If you need more information please share message directory path and its utilization.

I hope this helps you!!!

Journal has a especifc folder in the system, check “server.conf”
It´s not recomend to change the folder location after the first install, you can change the limits for the journal.
Check the doc:
First here:http://docs.graylog.org/en/2.4/pages/faq.html#what-does-journal-utilization-is-too-high-mean
Then for the configuration file:
http://docs.graylog.org/en/2.4/pages/configuration/server.conf.html#output-batch-size

Thank you very much for the contributions, I will check and forward updates here.

We have Graylog with the following configurations:

ring_size= 65536 ( # of messages in each buffer)
inputbuffer_ring_size=65536

processbuffer_processors = 5
outputbuffer_processors = 3

output_batch_size = 1000
journal_age = 15 min
journal_size = 15 gb

GRAYLOG RAM = 8gb
ELASTICSEARCH RAM =16gb

Only 1 node, Only 1 machine

We are getting like 25,000 messages per second and outputs only 5,000 messages per second
The journal is filling up quickly and getting an error “Journal Utilization is too high” so, can anyone please help me in calculating the increase of output_processors and output_batch_size

for that amount of messages it looks like your processing power in terms of cpu cycles is not enough.

@jan Sorry I didn’t send the complete information.
The system runs a single node in a VM that has 24vCPU
In total resources, I have: 24CPU and 32 GB of RAM
I divided 50% for elasticsearch (16GB RAM) and 25% for Graylog (8 GB RAM), the remaining 25% for SO.

he @sadman

did you limit the cores that are usable by elasticsearch in the elasticsearch configuration? If not Graylog and elasticsearch are fighting for the available cores. In addition with that ingest rate special during index rotation you have not enough computing ressources and the graylog journal is used to buffer. You might want to raise the size of the journal and/or add additional compute power.

How do I limit the cores usable by Elasticsearch and Graylog?
I limited the JVM’s memory to 16 EL and 8 GR.
As for the size of the journal, what do you recommend? The default value is configured.
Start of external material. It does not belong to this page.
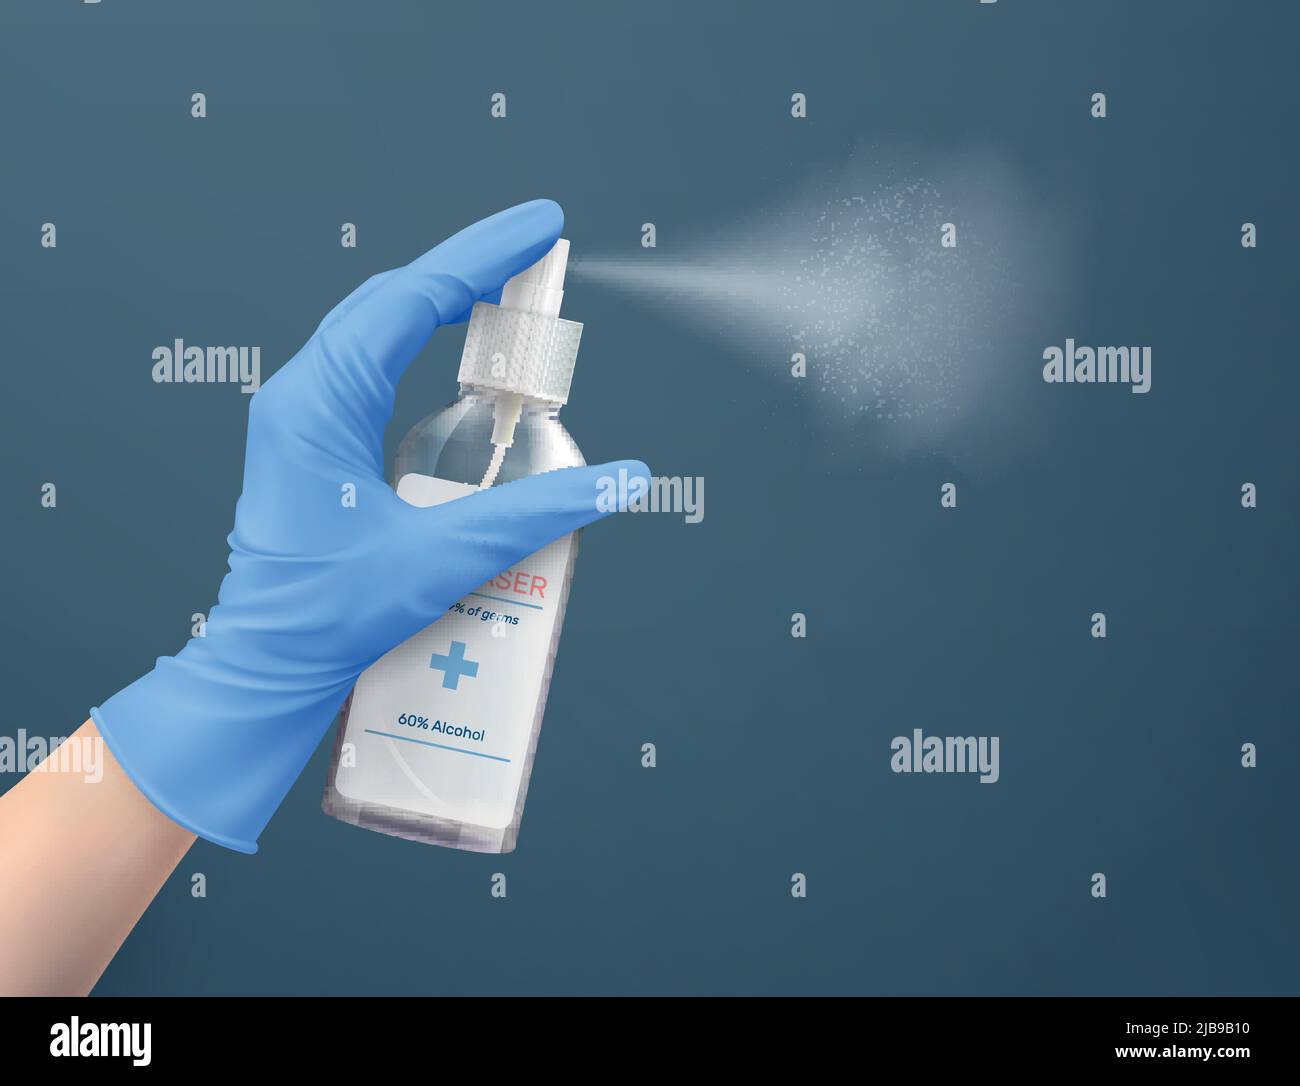 Sanitizer spray for desinfection and medical purpose realistic background vector illustration Stock Vector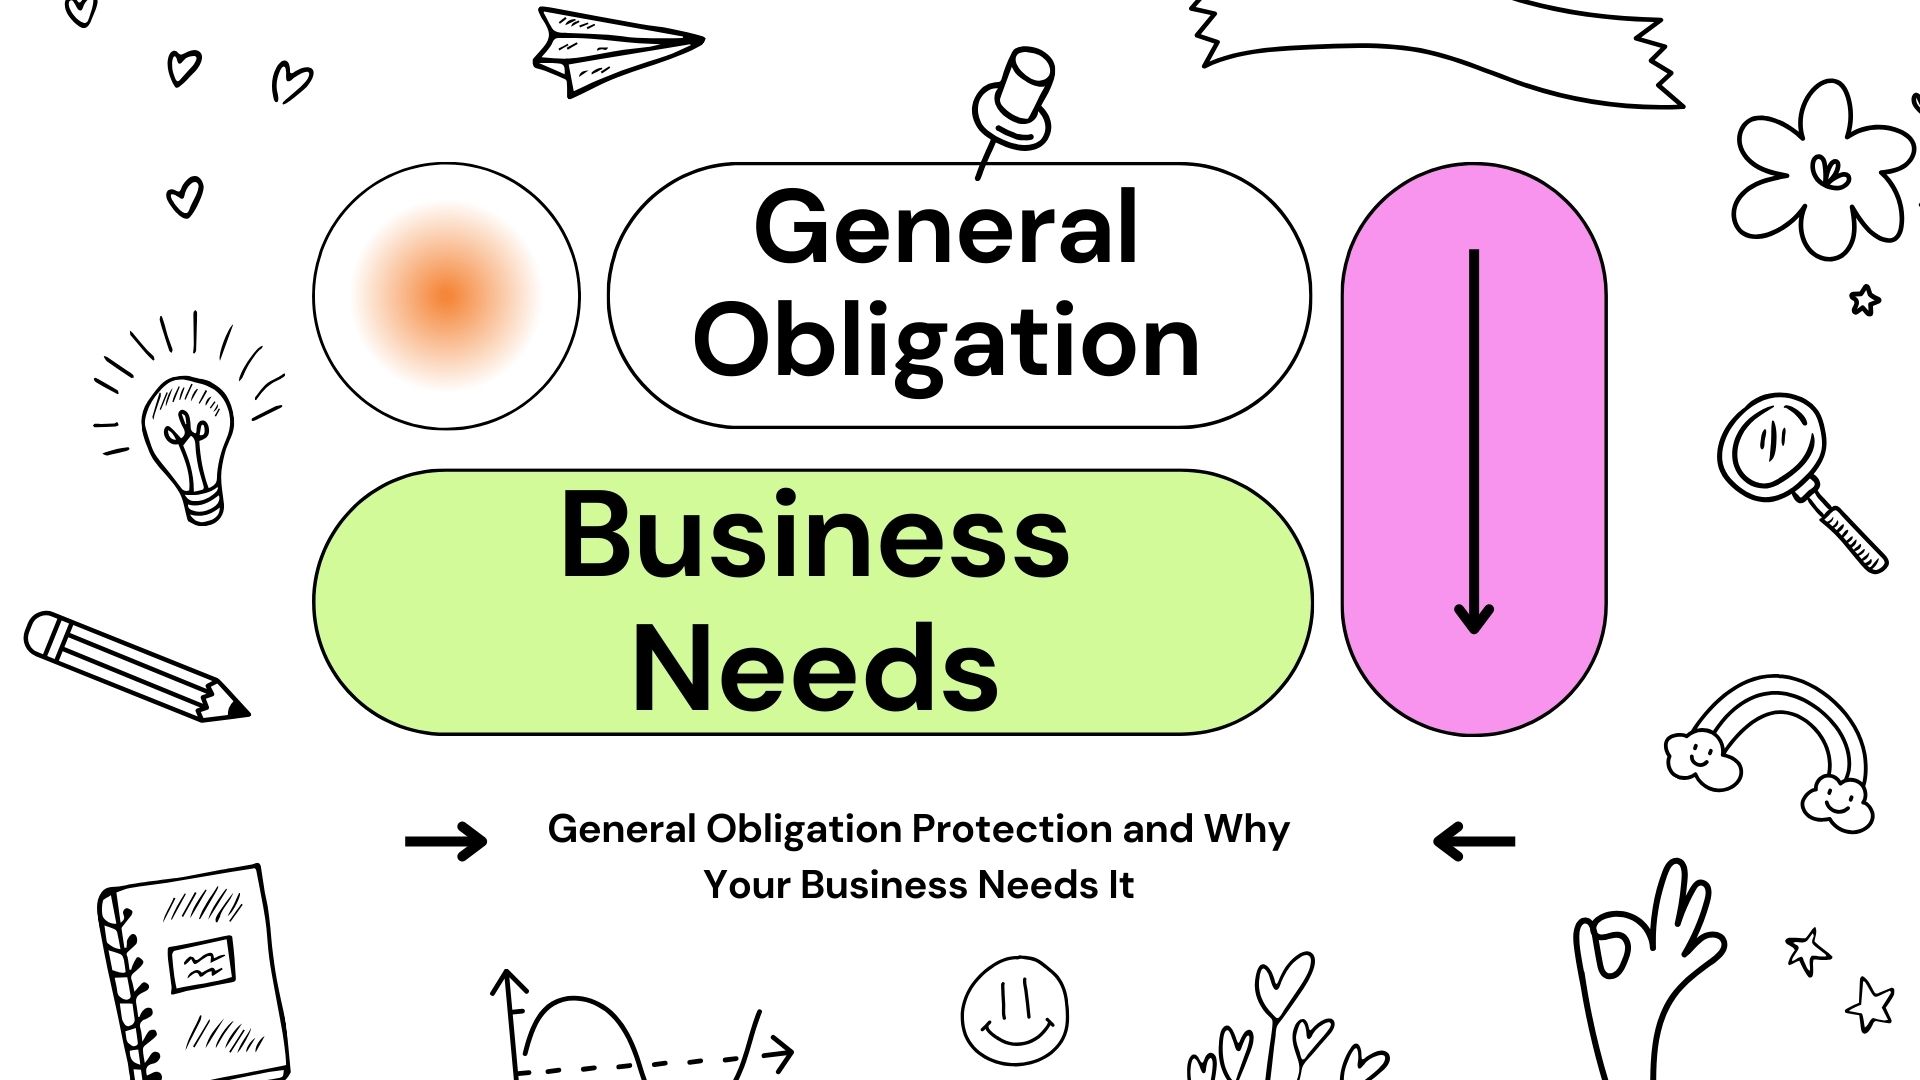 General Obligation Protection and Why Your Business Needs It

I believe that this is exactly the behavior, using the journal above what can and start receiving unprocessed messages, and this increases when need to rotate the indexes

he @sadman

read the docs: https://www.elastic.co/guide/en/elasticsearch/reference/6.8/modules-threadpool.html#processors

the journal should have the size that fits to your needs. If you get paged when your elasticsearch is dead and you can fix that in 4 hours, the journal should have the size to cover this period of time. If you do not get paged and elasticsearch can die on friday noon and you notice it earliest monday morning you might need a journal that can cover 3-4 days of logs. But you need to have this disk space exclusive for graylog. Cause the journal will get damaged if the configured size is not available and you loose all messages in the journal.

I did not find in the configuration file “server.conf” or in “elasticsearch.yml” the option to configure the processors.
It would be the option of “inputbuffer_processors” in “server.conf”???
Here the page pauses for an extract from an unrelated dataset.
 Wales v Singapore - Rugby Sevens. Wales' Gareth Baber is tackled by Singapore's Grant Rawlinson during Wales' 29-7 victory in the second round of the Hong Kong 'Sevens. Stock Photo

it is the graylog server.conf …

https://docs.graylog.org/en/3.3/pages/configuration/server.conf.html

check for buffer_pro to find all options for processing, input and ouput.

I have 24 CPU. do you recommend any value where i can move?

configured this way for now and kept message processing stable

he @sadman

I would go with 2 for input, 3 for output and the processing to 16.

This topic was automatically closed 14 days after the last reply. New replies are no longer allowed.